Rigor mortis, commonly known as rigor, is the post-mortem muscle stiffening of the body. It consists of a sustained contraction of the muscles of the body, which begins at 2–6 hours after death, persists for 24–84 hours, and is then followed by gradual relaxation until the muscles again become flaccid (Gill-King, 1997). It is created because the lack of oxygen to the cells results in lower levels of ATP in the body. ATP is needed for muscle cells to maintain their delicate balance of various chemicals, including calcium used for muscle contraction. If most of the available ATP becomes depleted in the muscle, the calcium ion can no longer be sequestered back into the sarcoplasmic reticulum by the calcium pump and this causes the body cells to leak calcium around muscle fibril bundles. The body becomes stiff and rigid because the actinomyosin filaments cannot be separated because of the absence of ATP in the body

The muscle bundles will maintain the contraction for a period of time until the muscle fibrils begin to deteriorate, caused by proteolytic enzymes within the muscle cells which disrupt the myosin/actin units, causing the cross linkages to break down and the muscles to relax.

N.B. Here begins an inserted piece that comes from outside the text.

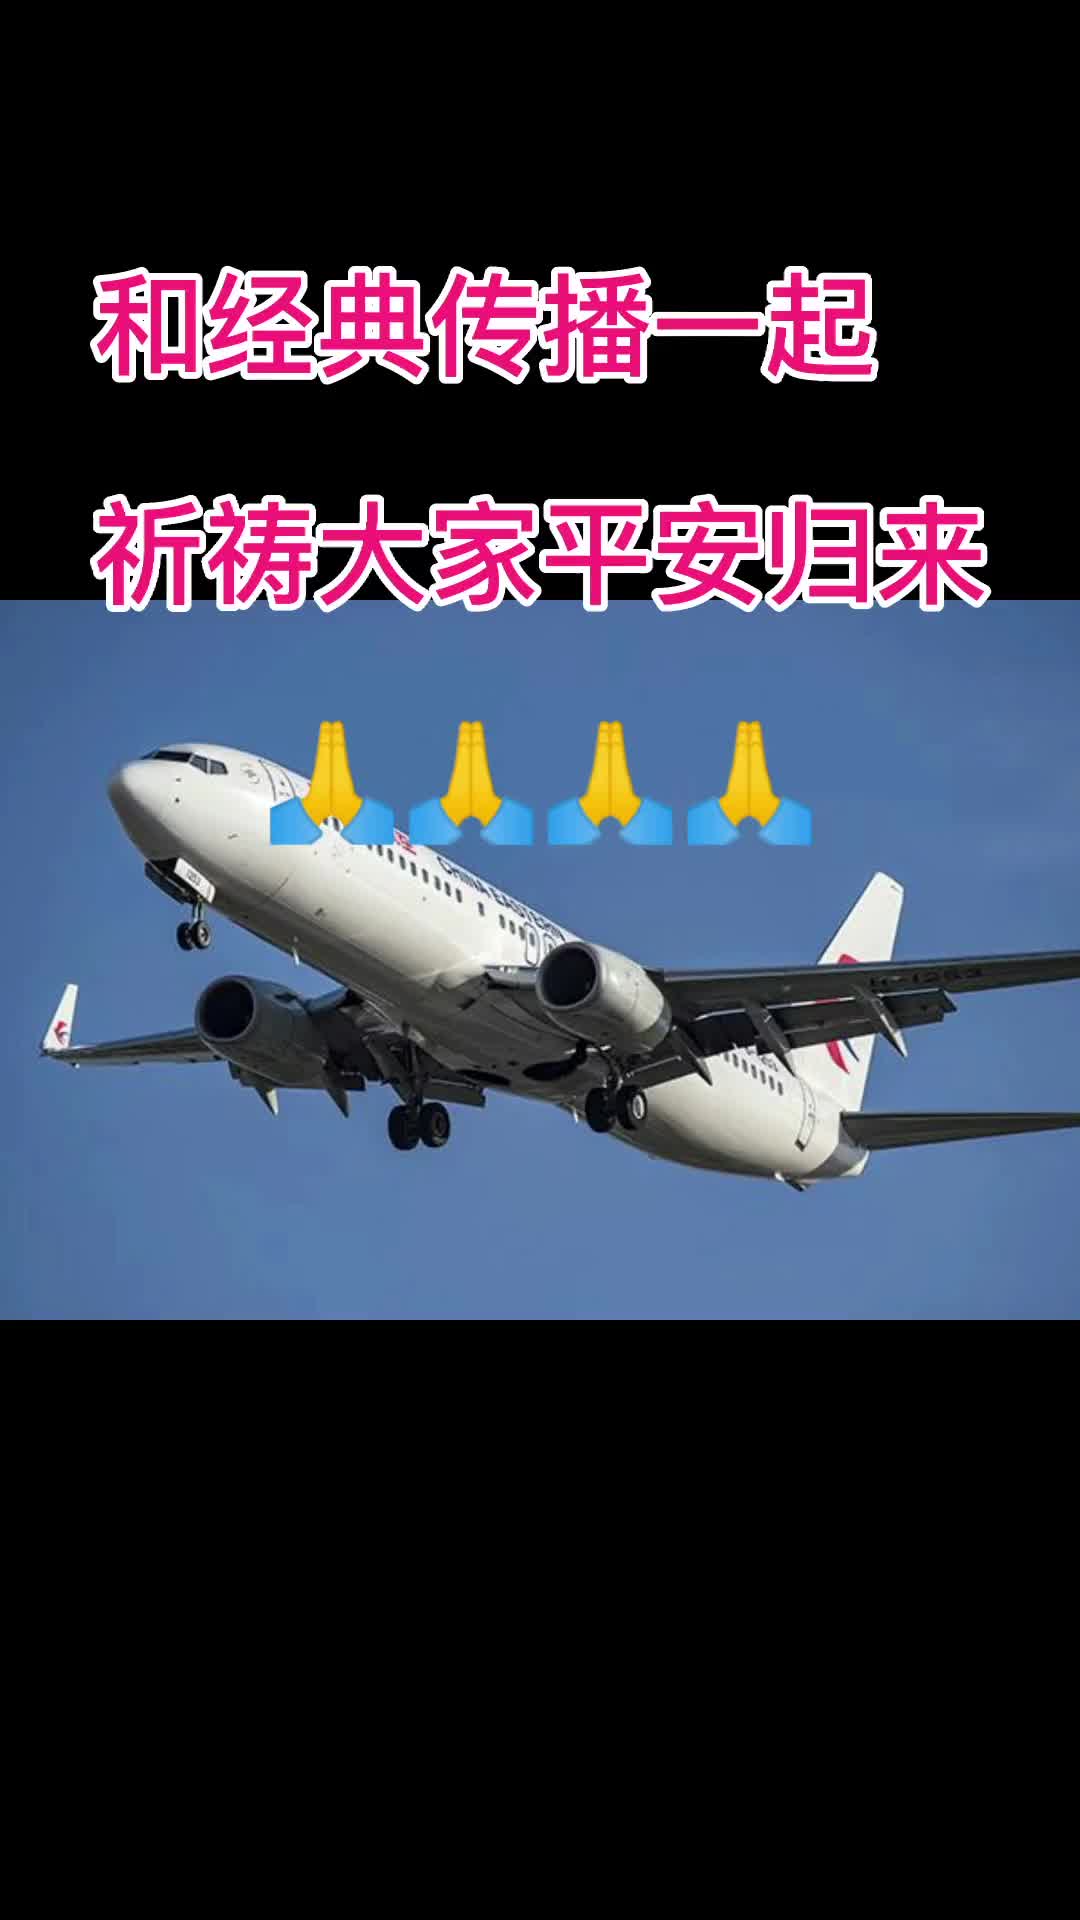 祈祷东航飞机平安图片

Onset of rigor mortis is influenced by many factors including:

- Temperature - the higher the temperature, the shorter was the onset of rigor and the faster the resolution.

- Condition of the animal - in very thin or emaciated animals, onset of rigor mortis is usually slow or virtually absent, but in fat animals, onset is fast.

Other extrinsic factors which affect the course of rigor mortis are electrocution causing death, which accelerates the onset of rigor and shortens the duration, possibly because the violent cramps experienced cause a rapid fall in ATP.